The bar was silent. The room where she spoke was almost silent – Marc could hear the whirr and click of cameras taking photos.

“I’m going to keep my remarks brief. This was a hard-fought campaign between two very different visions of America. One vision is of optimism, understanding, and pride for what we’ve accomplished as a nation. The other is a dark vision of anger, despair, resentment, and even paranoia. It sees our nation as a ruined landscape, which can only be saved by the efforts of one man. And it promises violence – violence against our most important trading partner, as well as violence against our own communities, our neighbors, and our friends.
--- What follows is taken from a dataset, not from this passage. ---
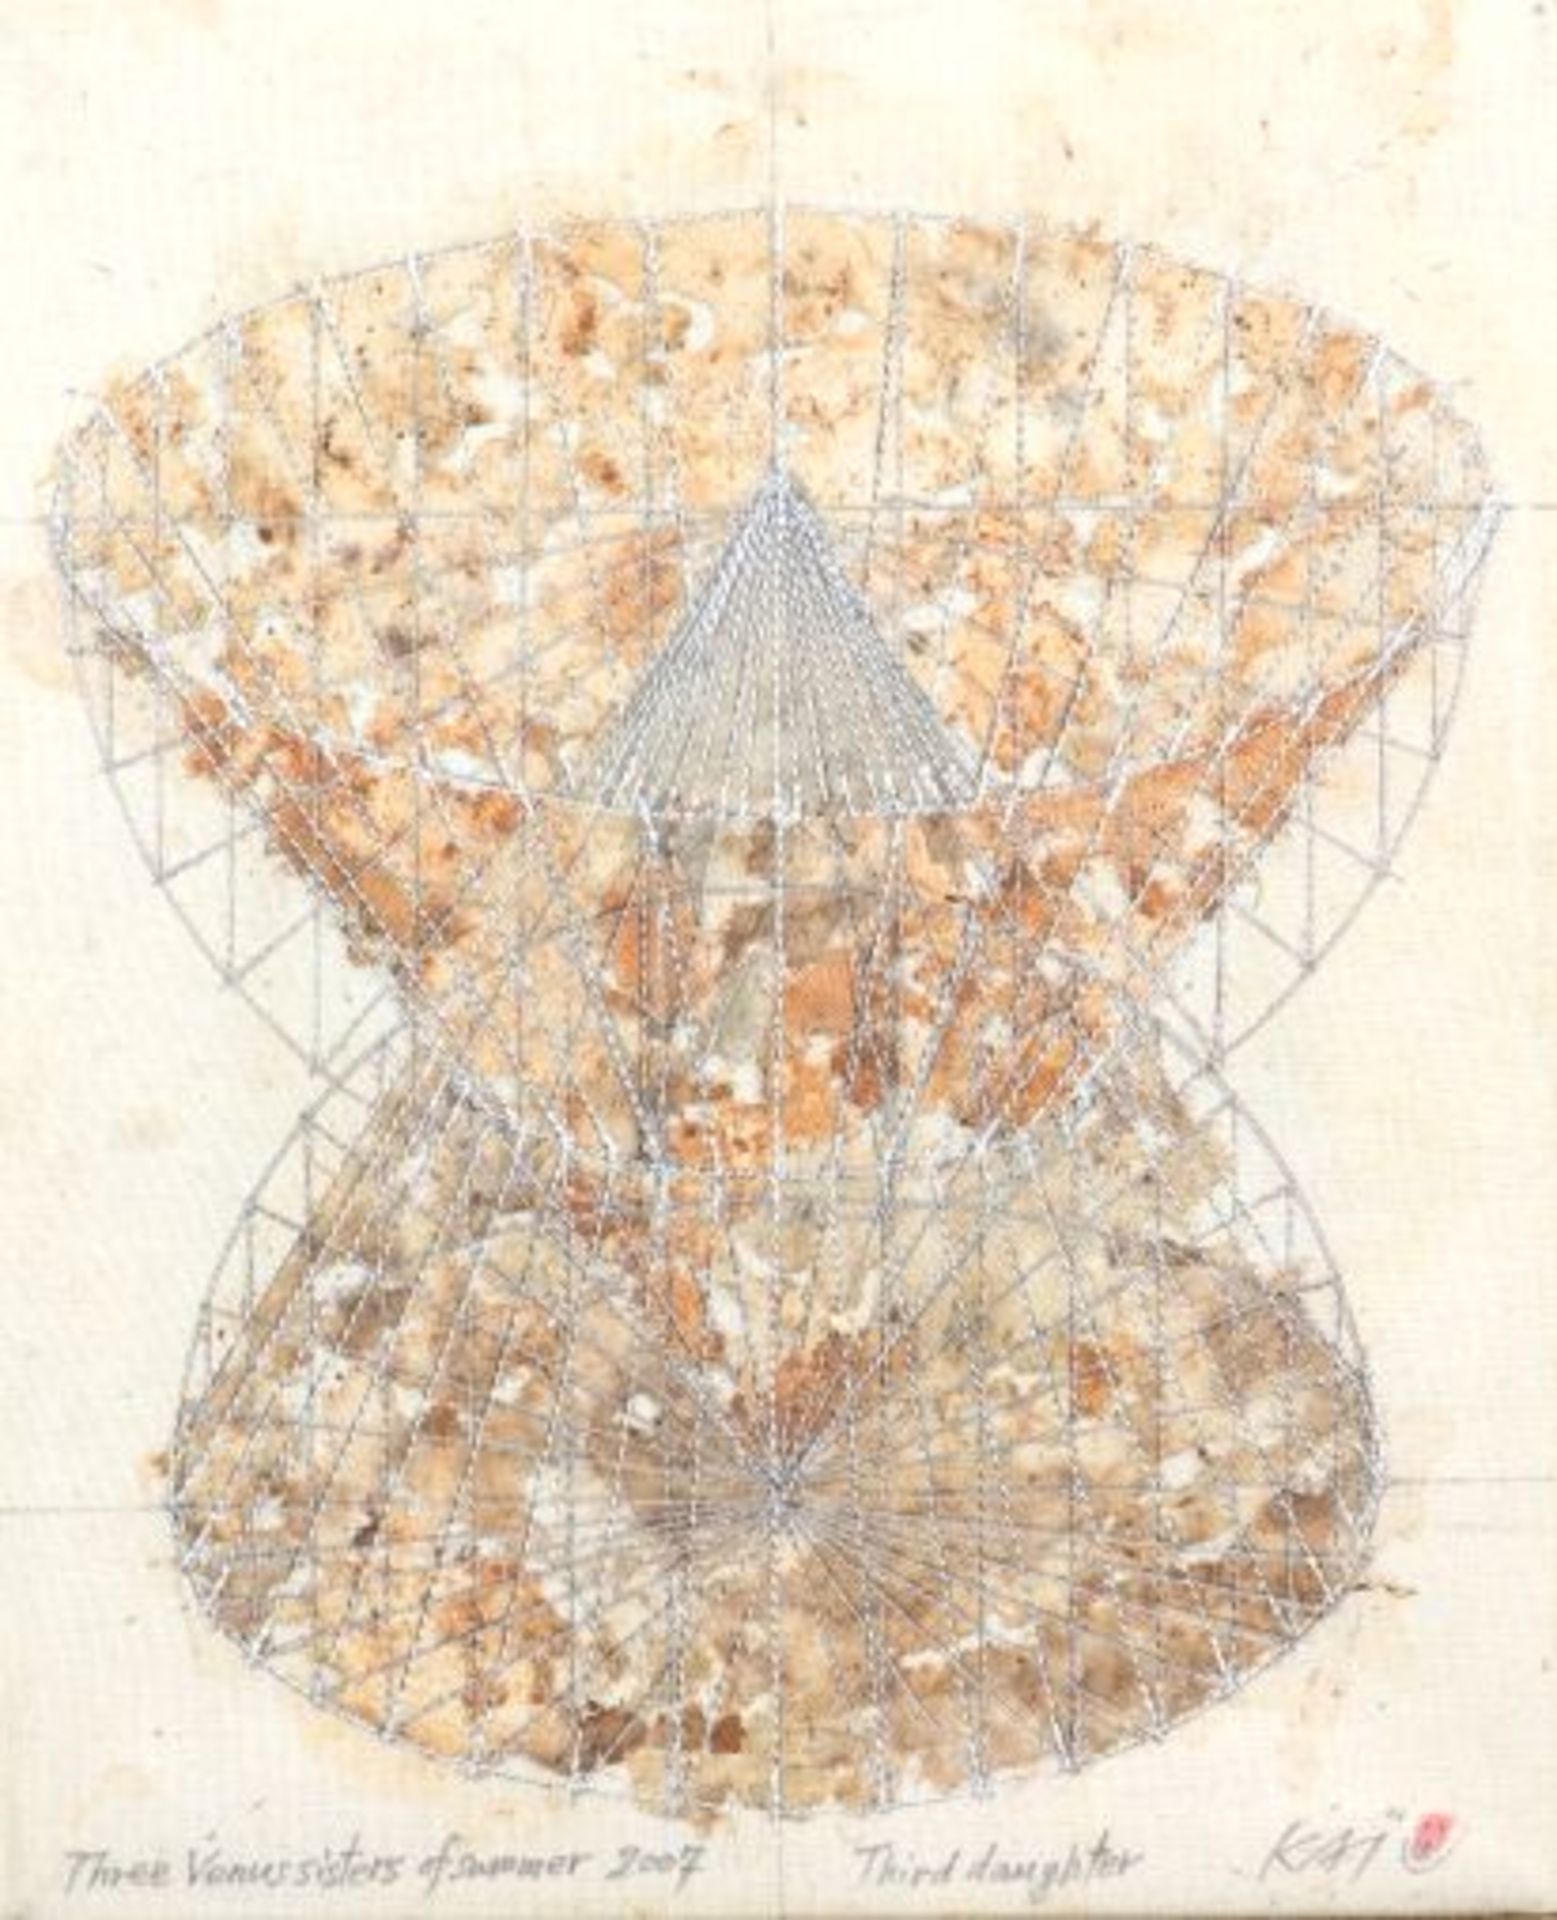 Masayuki KAI (1958). - Three Venus sisters of summer - 2007. - Chutes de textiles [...]

“I’m sure you know which vision I embrace. I cannot accept a worldview based on racism, prejudice, and mistrust. And yet, despite my misgivings, under normal circumstances my task now would be to congratulate the apparent victor in this race, and welcome the President-elect, graciously preparing for the peaceful transfer of power that is a hallmark of our democracy.”

She paused. “But these are not normal circumstances.”

Marc stood up straight. He felt a tingle along his spine. He looked along the bar at the men lined up. Every single one of them was glued to the television now. Every one of them was suddenly alert, like animals before an approaching thunderstorm. What was she saying?

“My campaign has discovered evidence of Election Day irregularities in at least five states, including voter suppression, but also including outright tampering with and potential hacking of election machinery. We have reason to believe that the election was stolen, not just from our campaign, but from the American people. We have already contacted the FBI and the Justice Department about our concerns, and we look forward to a full, impartial investigation. Until such an investigation is completed – however long it takes – I cannot and will not recognize the results of this election, and I will continue to perform the duties of the President of the United States, carrying out my oath to protect and uphold the Constitution. Thank you.”

On the TV, President Hopkins moved to the right and off screen. There was a babble of voices as reporters shouted, competing with each other for her attention. Flashbulbs popped. The TV station switched to a different camera, one focused on the President as she was hustled out a side door behind a sea of very large Secret Service agents. She hadn’t taken a single question.

“What does that mean?” Steve-O said. “Can she do that?”

No one said a word.

Marc just kept drying pint glasses. He didn’t know the answer to that himself.